Happy Packaging!

gift2

Creating packages, assigning classes to packages and creating a package hierarchy is usually not a top priority in software designs. This however presents a missed opportunity to make your design more readable and maintainable. This article helps you take your Java Class packaging skills to the next level, not just for the holiday season.

Packages as Namespaces

The very first and basic usage for Packages is to have them as Namespaces for projects. Each project, module or library lives in its own naming scheme, which makes all Classes they contain uniquely named among all projects of the world, which enables a global marketplace of libraries like the Maven Central Repository.

Package names for projects usually start with the reverse domain name of the company or developer and end with the project name, like:

com.vanillasource.gerec
com.github.robertbraeutigam.tictactoe

While this is a very important aspect of Packages, it is not particularly interesting nor difficult to do, so this article is more about what happens on the inside of one application. Packages are hierarchical and do not end at the project level! The project itself is organized into sub-packages, which themselves may have sub-packages, etc. This is where it gets interesting…

Packages as Grouping

When we first begin to use packages most of us think of them as a way to create some order among classes. If there are too many classes in the same directory, we just want to split them up somehow to be able to find things.

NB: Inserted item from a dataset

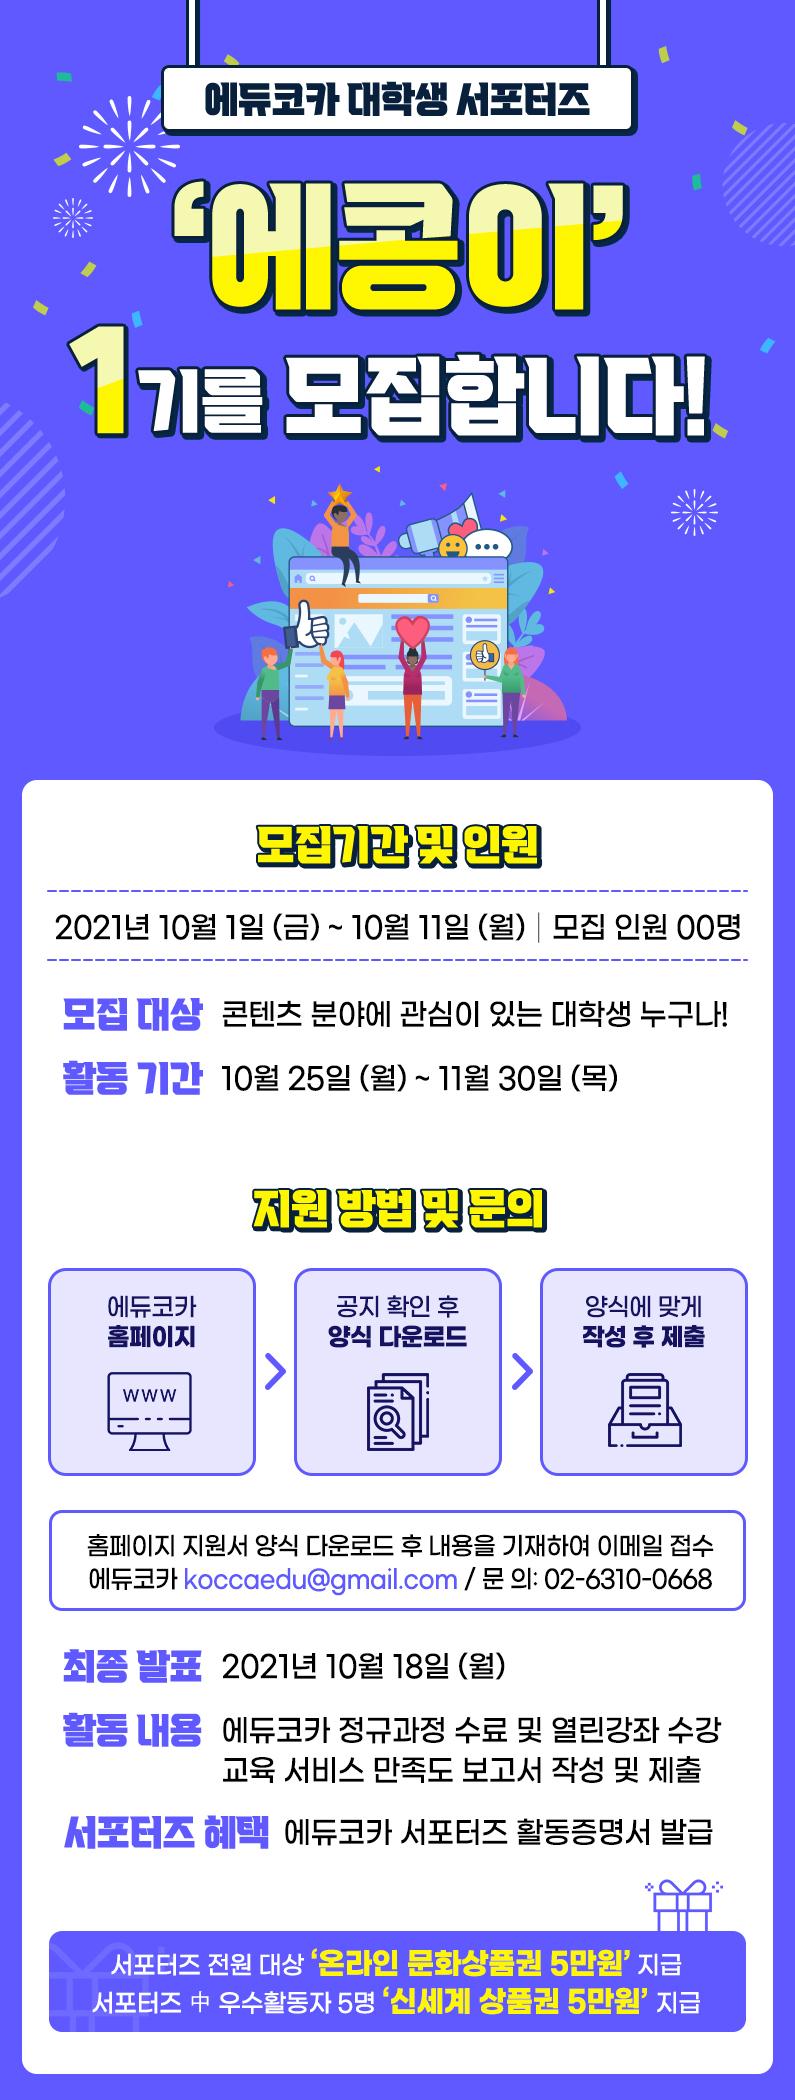 에듀코카 서포터즈 '에콩이' 1기 모집 기간: 10/1(금)~10/11(월)까지 모집 인원: 00명

So our first intuition is to group the classes into sub-packages according to some criteria we see fit. Let’s take a look at the Package structure in Project Weld, the official implementation of the CDI specification, included in WildFly JEE Application Server:

AbstractCDI.java
Container.java
annotated/
bootstrap/
logging/
manager/
xml/
...

This project has hundreds of classes, so obviously it needs to be split somehow into packages. The above excerpt shows that the developers created a mostly technical package structure. While bootstrap and annotated could be business-oriented perhaps, packages xml, logging and manager are clearly technical.

Let’s call this packaging strategy “grouping“.

A package structure on a given level is a grouping if the root package depends on any of its sub-packages.

The dependency graph for the above classes and packages shows that the root package does depend on some of its sub-packages:

weld-dependencies-small

The parallel arrows between most of these packages that point back and forth indicate circular dependencies. It means that every package is essentially dependent on every other package, which means changes will rarely be localized. This is a maintenance nightmare and should be avoided.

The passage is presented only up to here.